■ **Required action**
Your answer should consist only of the lines below from the one with "تولید کنترل شده" through the one with "Noten -Marsch aus Hans Heiling", copied exactly.

■ **Supplied entries**

------------------------------

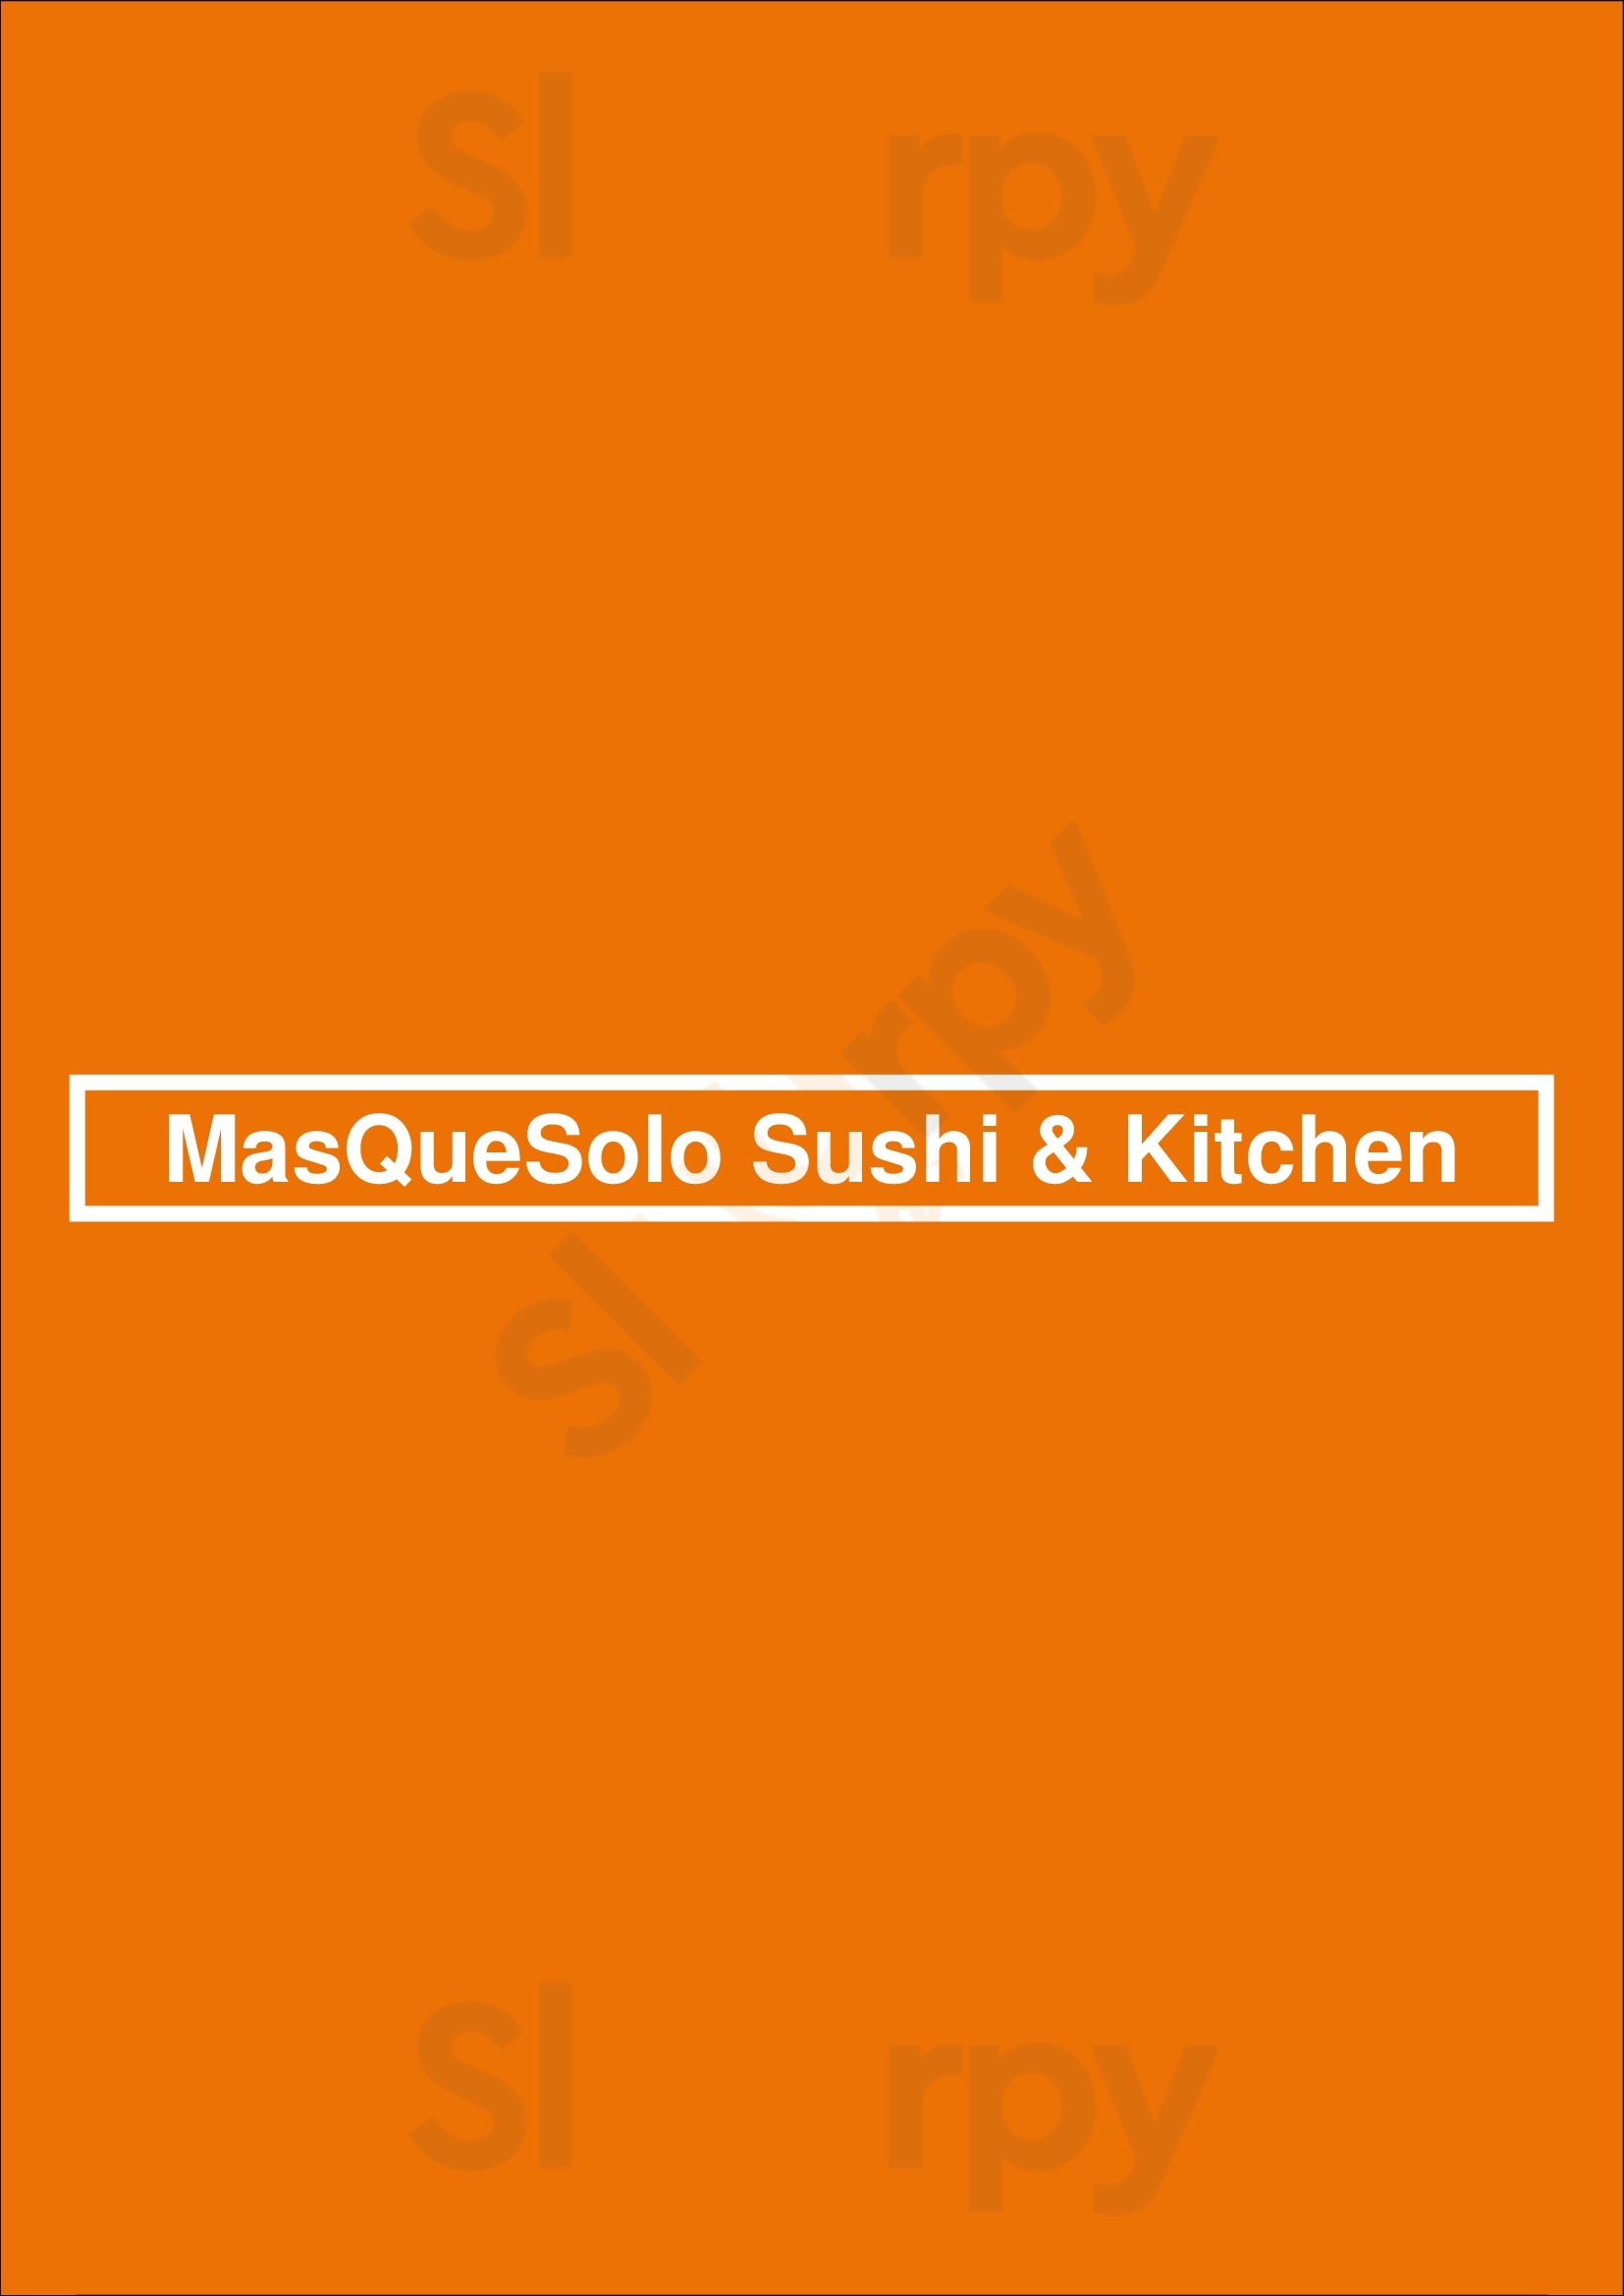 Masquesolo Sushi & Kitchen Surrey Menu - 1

------------------------------

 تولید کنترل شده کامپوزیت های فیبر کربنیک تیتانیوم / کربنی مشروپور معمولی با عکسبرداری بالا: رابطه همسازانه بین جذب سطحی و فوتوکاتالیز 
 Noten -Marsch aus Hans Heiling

------------------------------

■ **Task solution**
 تولید کنترل شده کامپوزیت های فیبر کربنیک تیتانیوم / کربنی مشروپور معمولی با عکسبرداری بالا: رابطه همسازانه بین جذب سطحی و فوتوکاتالیز 
 Noten -Marsch aus Hans Heiling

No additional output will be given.